But of course, there does come a time when the value proposition for adopting new software becomes so large that pushing forward into new areas of computing begins to make sense. According to Vin Sharma, a big data analytics strategist at Intel, that time is now. Between producers, payers, providers and regulators, there are massive savings to be seen by properly applying big data techniques to the healthcare sector. "We know from various studies that there is a $450 billion dollar savings that is available from the use of big data analytics in the healthcare industry alone" said Vin Sharma.
Herding the Hadoop cats
Now when Vin Sharma talks about bringing big data analytics to the healthcare industry, he's talking primarily about the Hadoop family of products, which include things like Hive, Pig, MapReduce and a variety of popular Apache products. And while the open source community is likely pretty proud of the number of successful projects that have been created that can be mixed and matched together to create highly customized solutions for big data problems, from the standpoint of polishing up Hadoop to make sure it can support a variety of compliance rules, the number of projects upon which Hadoop depends actually becomes a problem.
"There are a lot of inter-operating components. They are loosely coupled. Each project has a team that focuses on their requirements and goes off in their quasi-independent direction," said Sharma.
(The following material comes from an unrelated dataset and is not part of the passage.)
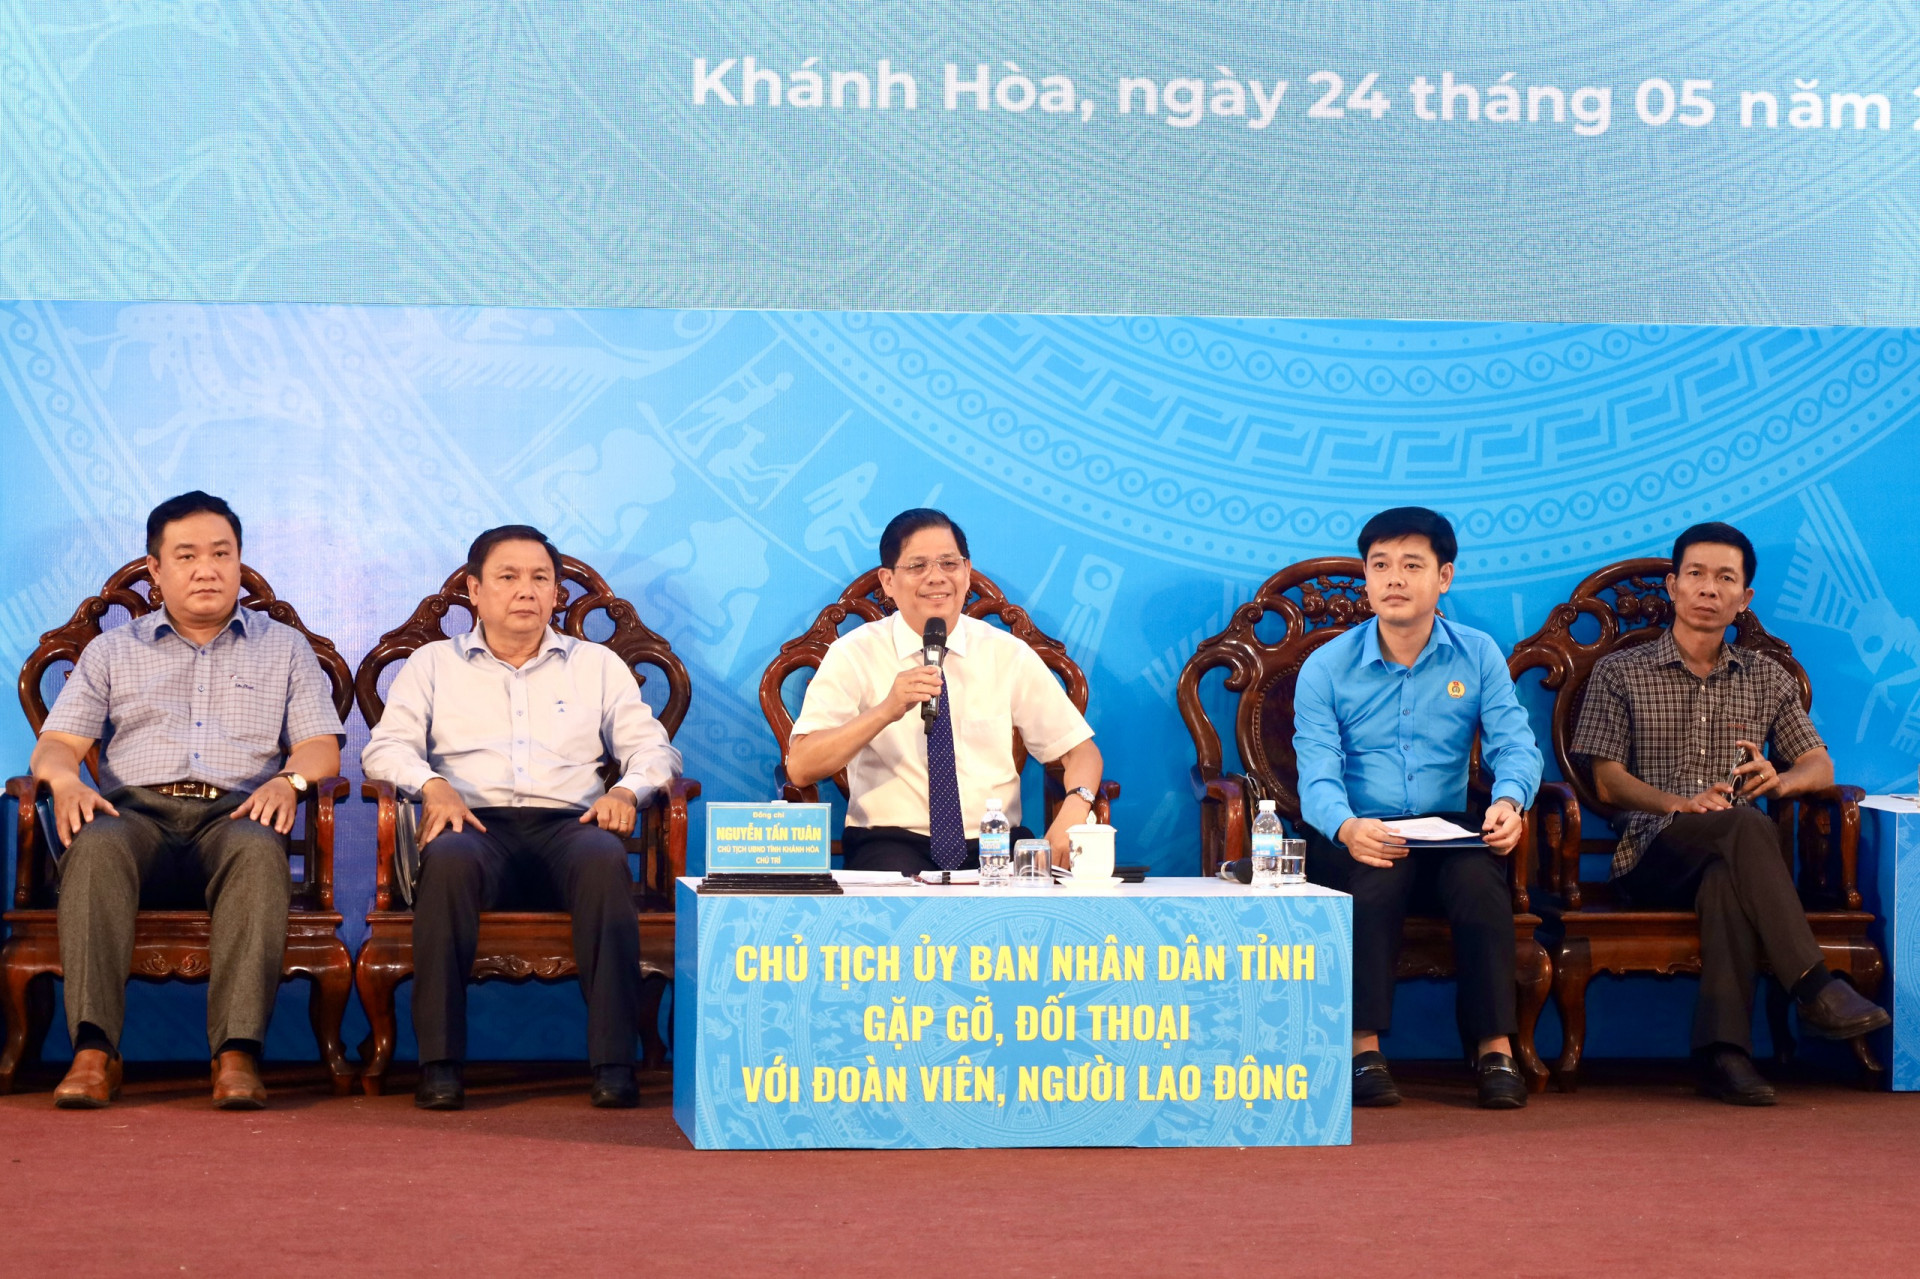 Đồng chí Nguyễn Tấn Tuân cùng lãnh đạo các sở, ngành tại hội nghị đối thoại với đoàn viên, người lao động năm 2023.

And that means that there is no common security mechanism, no common encryption technology and no common access control framework among all of the different projects that make up the Hadoop ecosystem. But Intel is intent on changing all of that.
Through the open source Project Rhino, Intel is working on bringing encryption, token-based authentication, granular access control and enhanced auditing to the Hadoop and HBase family of products. It's not an insignificant challenge, but the belief is that the goal is achievable. Let's hope it is, because an effective solution for processing sensitive and legally protected data has been missing from the industry for far too long.